Dataset section start

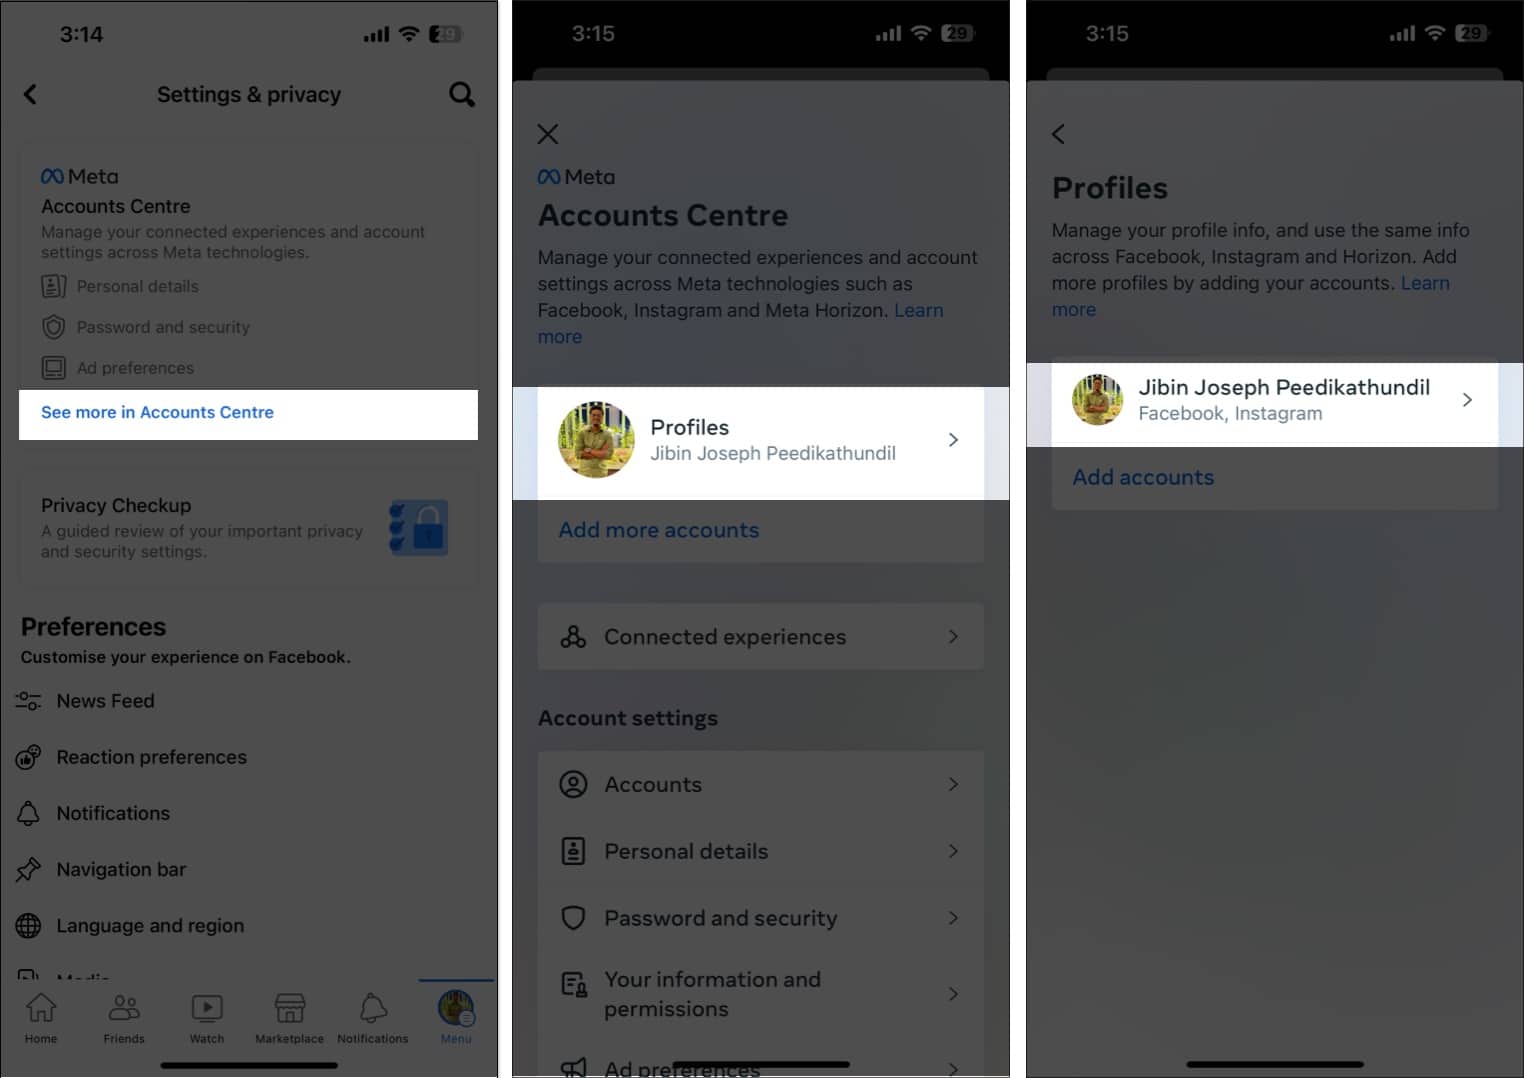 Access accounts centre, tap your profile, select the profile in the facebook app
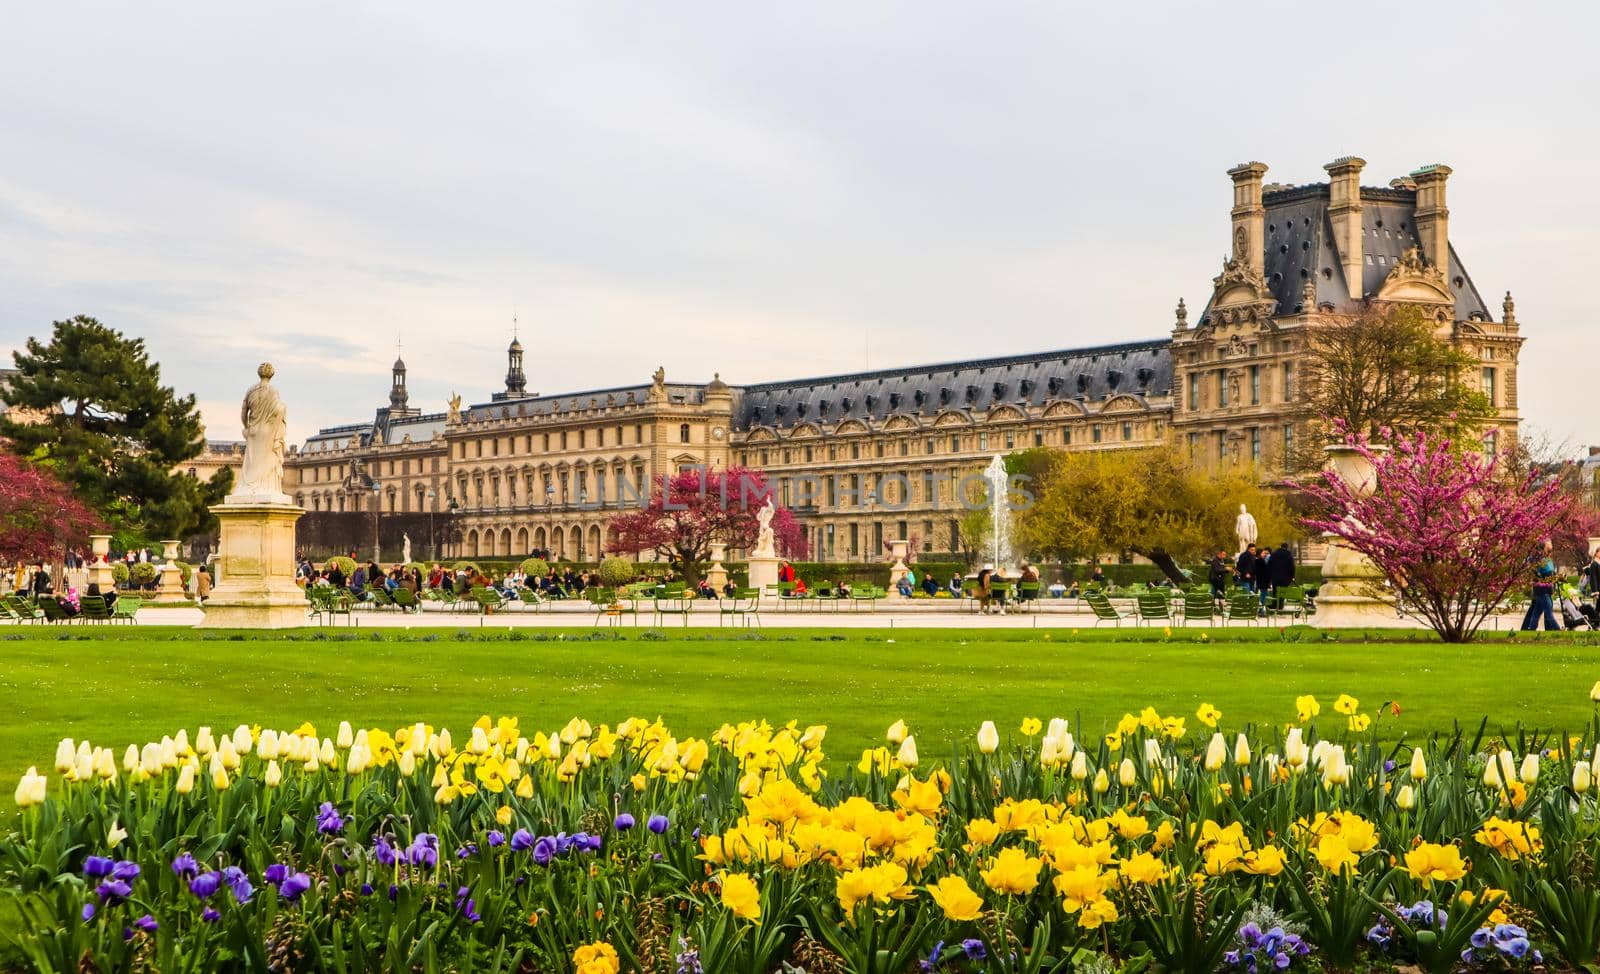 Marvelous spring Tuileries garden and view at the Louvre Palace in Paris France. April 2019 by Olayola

Dataset section end
Dataset section start

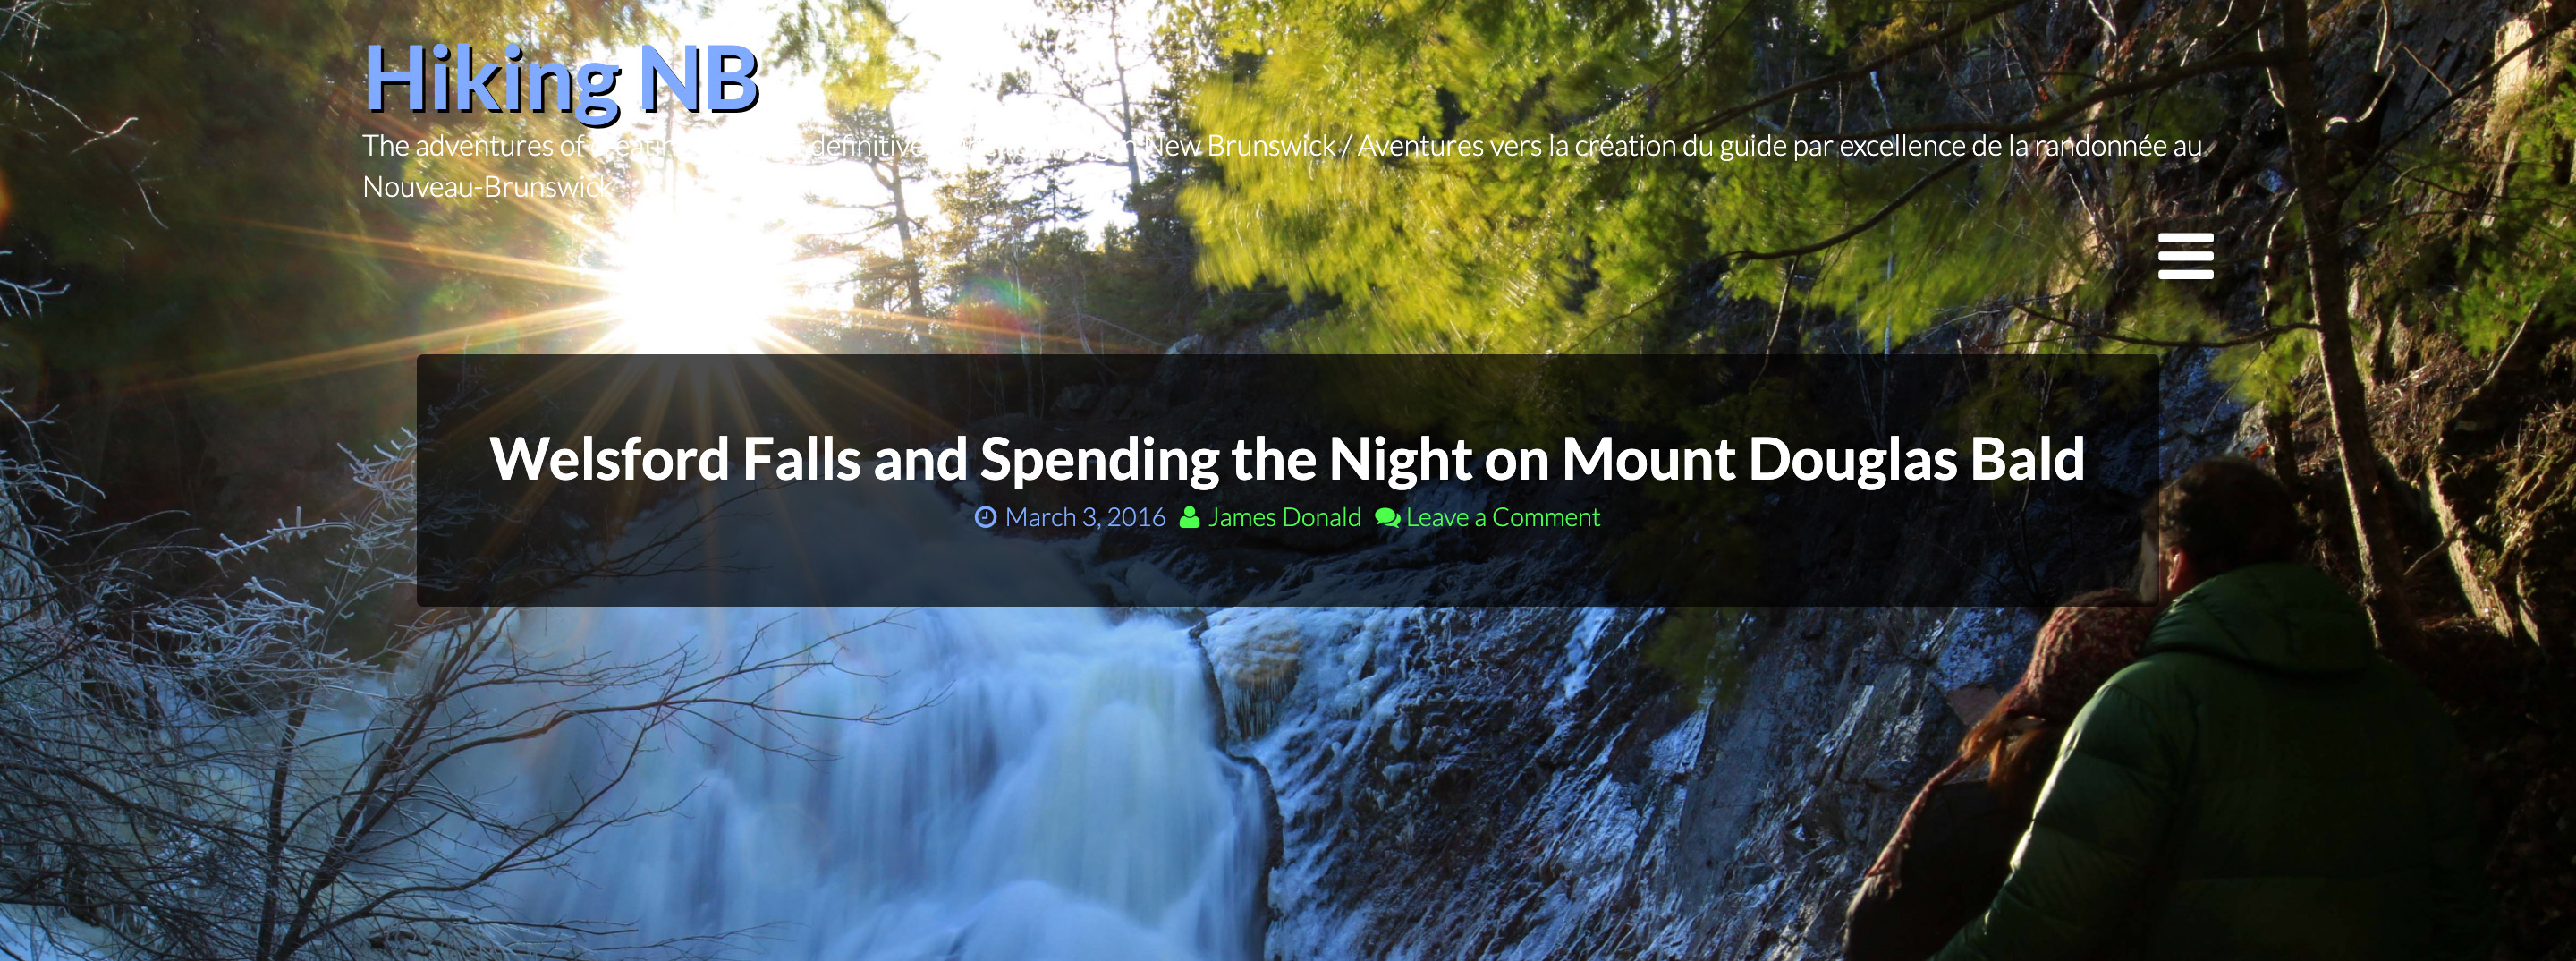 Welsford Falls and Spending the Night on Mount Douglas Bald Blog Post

Dataset section end

* _Task statement_
Starting from the line with "Access accounts centre, tap" in the records above, repeat each line exactly until you have written the line with "Marvelous spring Tuileries", then stop; drop the pictures.

* _Response to this task_
 Access accounts centre, tap your profile, select the profile in the facebook app
 Marvelous spring Tuileries garden and view at the Louvre Palace in Paris France. April 2019 by Olayola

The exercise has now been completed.